• Exercise objective: Copy the listing below in full, exactly.

• Data under study:
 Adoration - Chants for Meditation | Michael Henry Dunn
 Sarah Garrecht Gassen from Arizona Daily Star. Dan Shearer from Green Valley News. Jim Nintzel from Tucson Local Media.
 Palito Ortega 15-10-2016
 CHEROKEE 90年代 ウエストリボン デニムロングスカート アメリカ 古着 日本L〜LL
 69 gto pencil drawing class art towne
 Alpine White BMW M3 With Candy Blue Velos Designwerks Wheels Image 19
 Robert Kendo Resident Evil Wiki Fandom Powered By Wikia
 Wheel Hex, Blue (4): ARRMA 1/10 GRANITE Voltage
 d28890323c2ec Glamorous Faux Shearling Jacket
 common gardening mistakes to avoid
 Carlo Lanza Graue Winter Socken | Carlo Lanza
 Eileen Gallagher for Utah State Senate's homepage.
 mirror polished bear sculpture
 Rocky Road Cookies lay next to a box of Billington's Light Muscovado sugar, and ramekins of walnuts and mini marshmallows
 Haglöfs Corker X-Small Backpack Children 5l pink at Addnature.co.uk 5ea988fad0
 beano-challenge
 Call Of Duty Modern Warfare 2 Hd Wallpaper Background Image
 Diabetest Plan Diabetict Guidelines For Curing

• Expected output:
 Adoration - Chants for Meditation | Michael Henry Dunn
 Sarah Garrecht Gassen from Arizona Daily Star. Dan Shearer from Green Valley News. Jim Nintzel from Tucson Local Media.
 Palito Ortega 15-10-2016
 CHEROKEE 90年代 ウエストリボン デニムロングスカート アメリカ 古着 日本L〜LL
 69 gto pencil drawing class art towne
 Alpine White BMW M3 With Candy Blue Velos Designwerks Wheels Image 19
 Robert Kendo Resident Evil Wiki Fandom Powered By Wikia
 Wheel Hex, Blue (4): ARRMA 1/10 GRANITE Voltage
 d28890323c2ec Glamorous Faux Shearling Jacket
 common gardening mistakes to avoid
 Carlo Lanza Graue Winter Socken | Carlo Lanza
 Eileen Gallagher for Utah State Senate's homepage.
 mirror polished bear sculpture
 Rocky Road Cookies lay next to a box of Billington's Light Muscovado sugar, and ramekins of walnuts and mini marshmallows
 Haglöfs Corker X-Small Backpack Children 5l pink at Addnature.co.uk 5ea988fad0
 beano-challenge
 Call Of Duty Modern Warfare 2 Hd Wallpaper Background Image
 Diabetest Plan Diabetict Guidelines For Curing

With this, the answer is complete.